The Necron Catolic Dynasty
after the dynasty awakened from the long sleep (as per usual) they had been driven to madness, they began to see canopteks as far more than machines, but spiritual guardians, divine figures, who had protected and watched over them during their slumber for millions of years. All of the non-canoptek necrons paint themselves bronze, whilst they paint the canopteks gold, to signifiy their own inferiority to their holy figures. crypteks work in a way as priests, maintaining the canopteks. however most cryteks have realised that the canopteks are not really holy in away way, they see them as just machines once again, however many abuse their ability to control the canopteks to gain political power within their tomb world or crown world.

the phaeron of the dynasty (who is as of yet un-named) had himself upgraded with the pieces of his dead cryptek assistant, who had long been his friend, and after being upgraded learned the truth of the canopteks, but dare not reveal the truth, lest his own dynasty turn against him.

Guardsmen (Guardsdwarfs?) And Command Squad

Squat Marines

Commisar and the one Scion done so far. That's about it.

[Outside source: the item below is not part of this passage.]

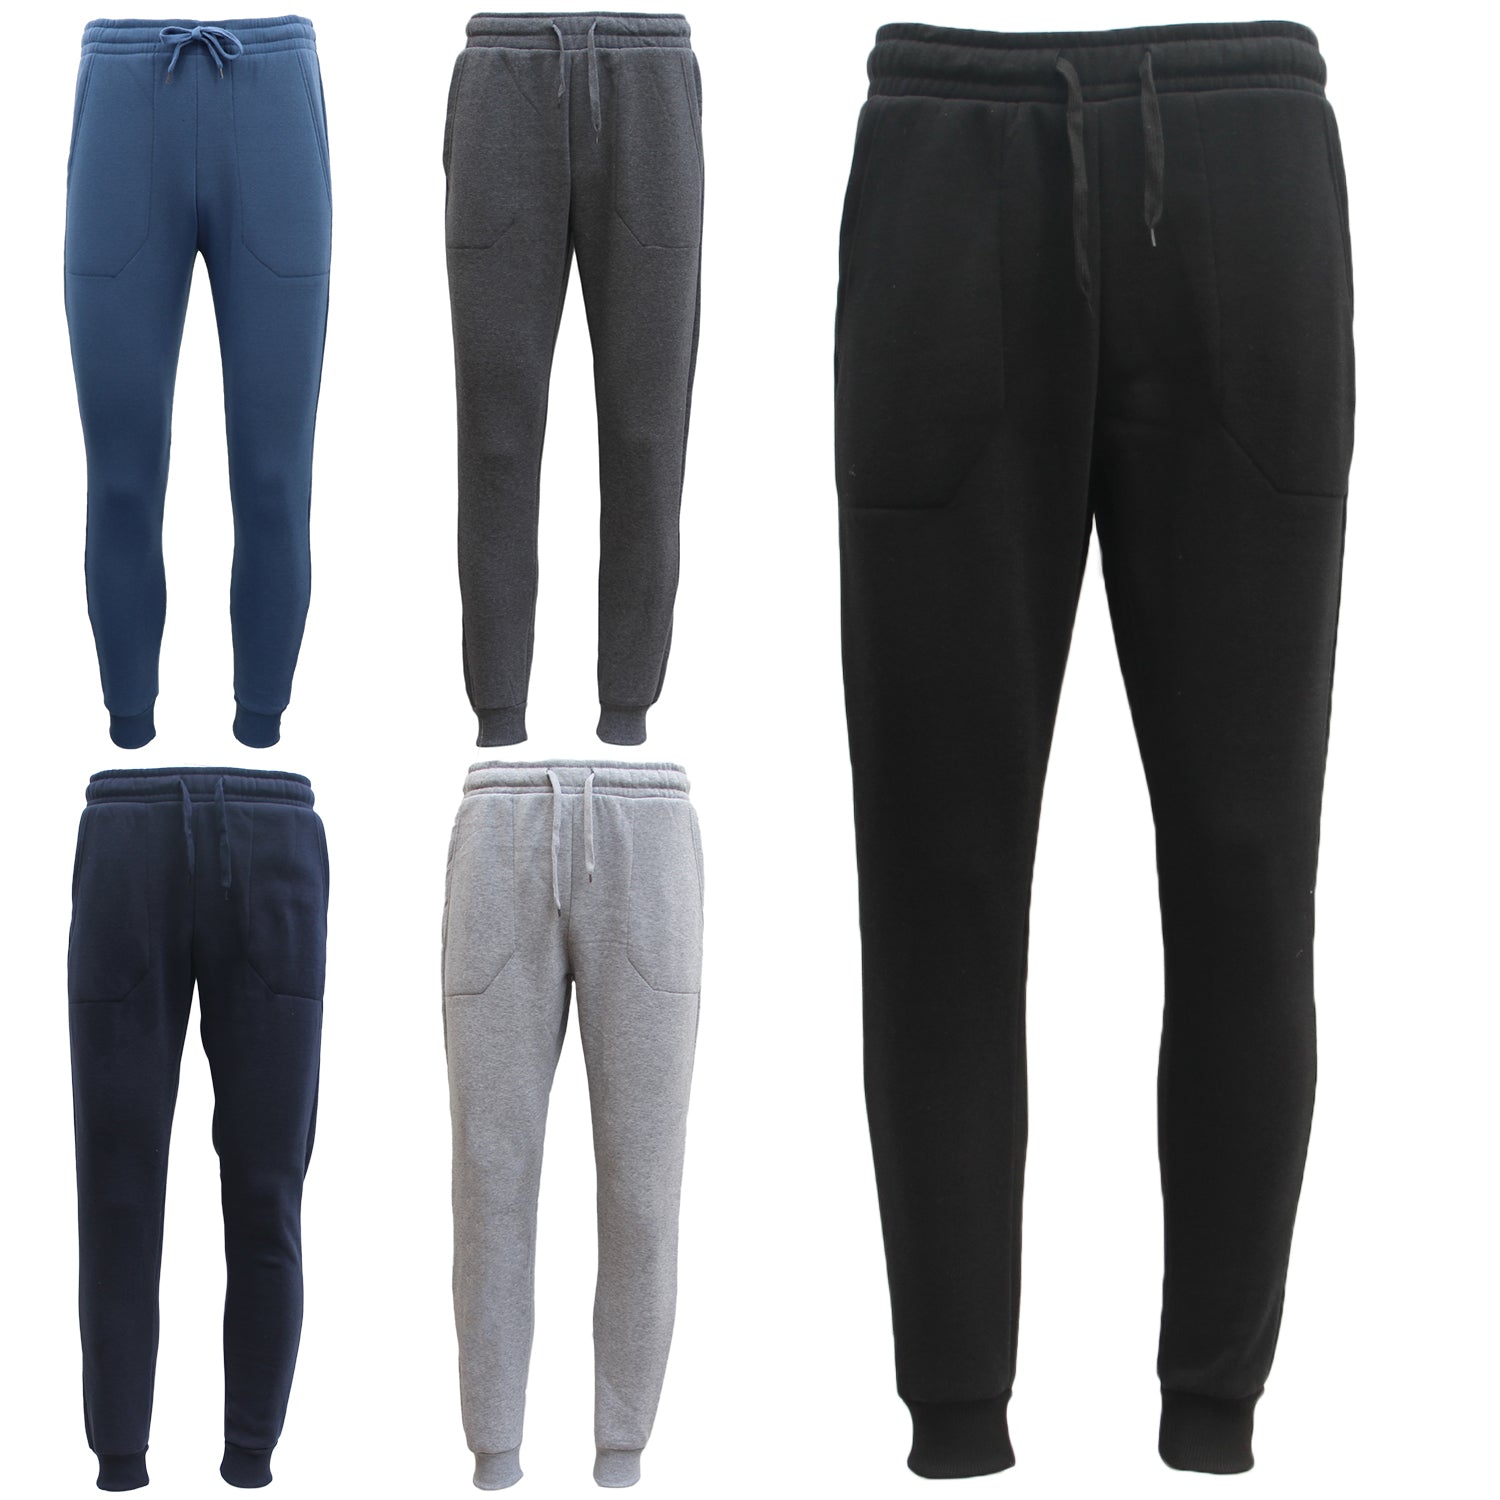 Mens Unisex Fleece Lined Sweat Track Pants Suit Casual Trackies Slim Cuff XS-6XL, Dark Grey, S

I love a good creative necron backstory

I posted mine in general a few days ago, but ill do it again

The current idea is a Necron overlord who was driven mad and believes he has contracted the Flayer virus (even though he isnt, the virus is nowhere to find in his programing) He acts like a flayed one. Eating flesh, scalping, the whole business. His army does the samen even thoigh some are aware they arent really infected, because the Overlord doesnt seem to like "clean" necrons. The overlord made his cloak out of flesh and demands his Lychguard do the same.

Got this idea while making some custom flayed one models because current models are goofy. If i decide to do it i'll be greenstuffing flesh onto all of my necrons..

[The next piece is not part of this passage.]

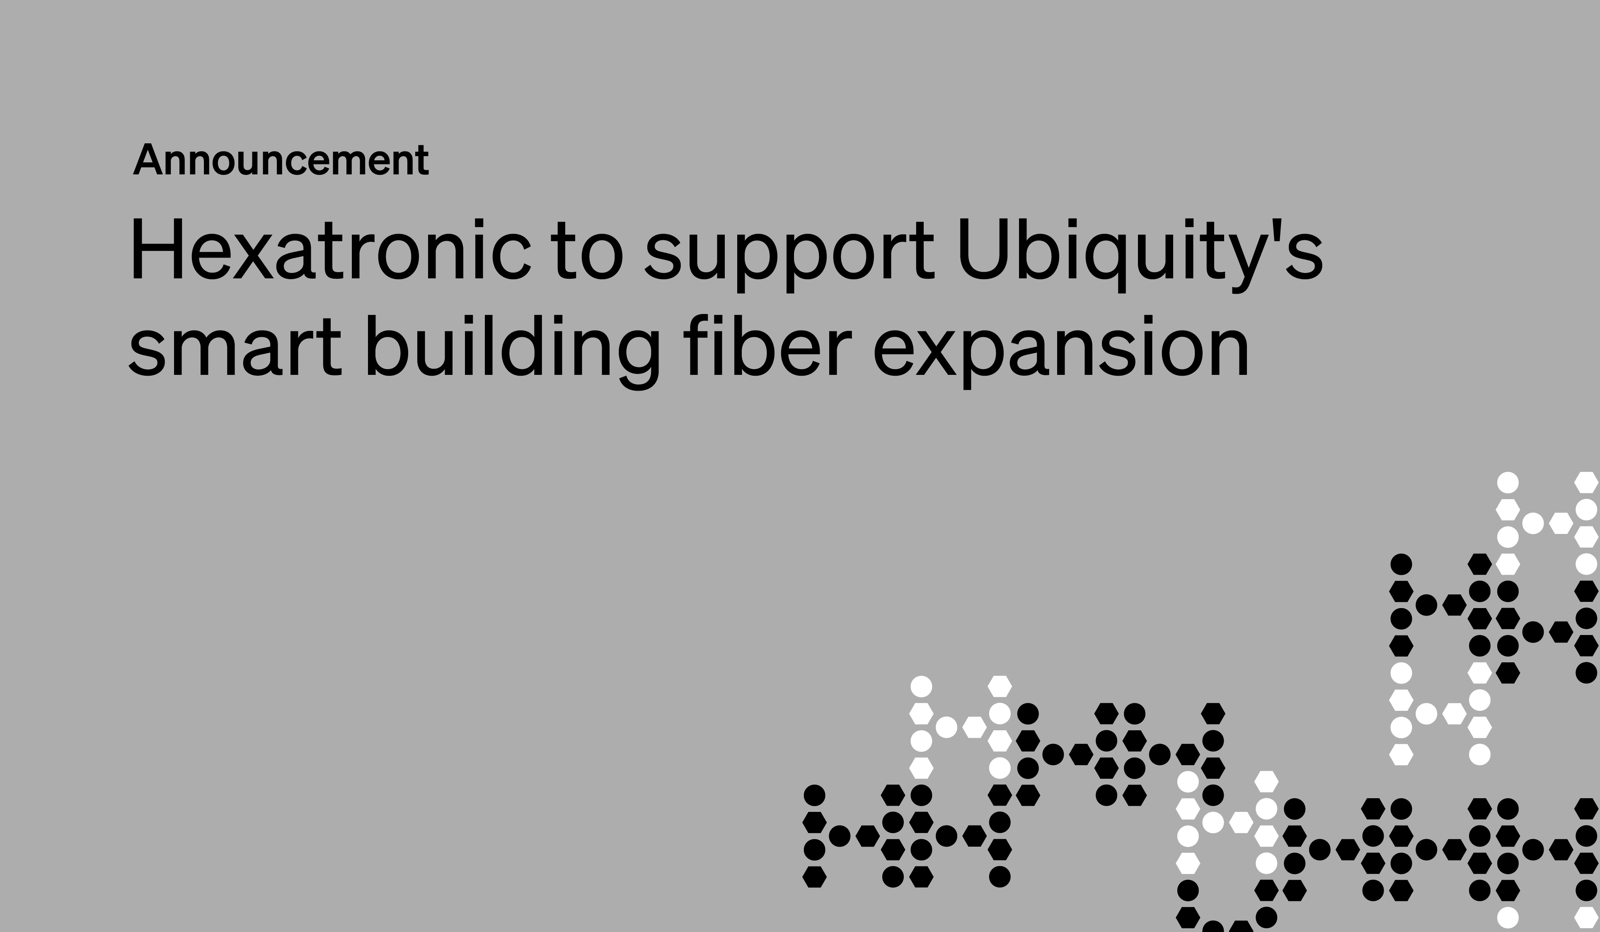 Hexatronic to support Ubiquity’s smart building fiber expansion

10/10 keep up your progress user.

I'm currently in the process of assembling and painting an IG regiment based loosely on Texas.

Got a very basic back story about how the original regiment fought and died defending a Manufactorum called The Alamodormo on their homeworld, Teksaas, from a Chaos warband. Even though they were killed to a man, they held out long enough for reinforcements to arrive and retake it.

The regiment was preserved and became known as the Lone Star Regiment due to the single star that shines over the debris of the battlefield.

Their colors as of right now are green and gray, but that's subject to change. No rough riders, sadly... can't find models for them.

You and I clearly have different definitions of the word "loosely"

Okay, maybe "loosely" wasn't the best word to use. My mistake. Other than that, how is it?